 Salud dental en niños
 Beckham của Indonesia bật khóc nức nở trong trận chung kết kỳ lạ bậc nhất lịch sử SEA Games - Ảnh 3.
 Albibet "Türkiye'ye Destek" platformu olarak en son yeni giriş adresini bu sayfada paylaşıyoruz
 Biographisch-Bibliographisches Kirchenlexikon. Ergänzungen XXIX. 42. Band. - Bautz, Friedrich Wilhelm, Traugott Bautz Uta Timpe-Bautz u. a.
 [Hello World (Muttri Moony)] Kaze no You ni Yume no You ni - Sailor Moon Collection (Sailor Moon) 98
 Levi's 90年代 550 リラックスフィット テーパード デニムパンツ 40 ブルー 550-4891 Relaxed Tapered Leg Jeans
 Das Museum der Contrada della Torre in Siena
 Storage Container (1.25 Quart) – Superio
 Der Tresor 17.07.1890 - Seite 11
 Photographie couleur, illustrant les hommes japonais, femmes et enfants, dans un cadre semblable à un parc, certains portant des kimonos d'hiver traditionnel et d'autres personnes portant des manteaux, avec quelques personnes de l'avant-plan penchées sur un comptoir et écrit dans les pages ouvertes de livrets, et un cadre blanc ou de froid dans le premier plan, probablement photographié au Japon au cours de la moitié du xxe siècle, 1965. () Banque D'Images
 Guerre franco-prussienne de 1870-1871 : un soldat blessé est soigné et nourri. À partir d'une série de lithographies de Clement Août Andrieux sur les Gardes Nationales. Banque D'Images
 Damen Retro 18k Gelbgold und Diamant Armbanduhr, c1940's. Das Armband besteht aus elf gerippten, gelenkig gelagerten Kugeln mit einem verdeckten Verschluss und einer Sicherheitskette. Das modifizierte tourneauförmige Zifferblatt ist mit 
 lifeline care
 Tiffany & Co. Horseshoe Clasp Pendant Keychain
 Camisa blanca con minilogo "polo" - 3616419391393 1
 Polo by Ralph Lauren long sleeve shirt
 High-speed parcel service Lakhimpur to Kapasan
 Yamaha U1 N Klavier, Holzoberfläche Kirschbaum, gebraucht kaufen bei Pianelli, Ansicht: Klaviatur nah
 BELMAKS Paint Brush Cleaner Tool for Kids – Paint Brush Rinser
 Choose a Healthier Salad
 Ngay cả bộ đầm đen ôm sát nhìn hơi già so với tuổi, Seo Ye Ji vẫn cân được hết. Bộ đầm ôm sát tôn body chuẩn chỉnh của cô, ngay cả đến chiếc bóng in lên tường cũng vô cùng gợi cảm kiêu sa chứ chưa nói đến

- _Your task_
A single figure, please: the number of lines in the data that hold the string "Banque".

- _Exercise answer_
2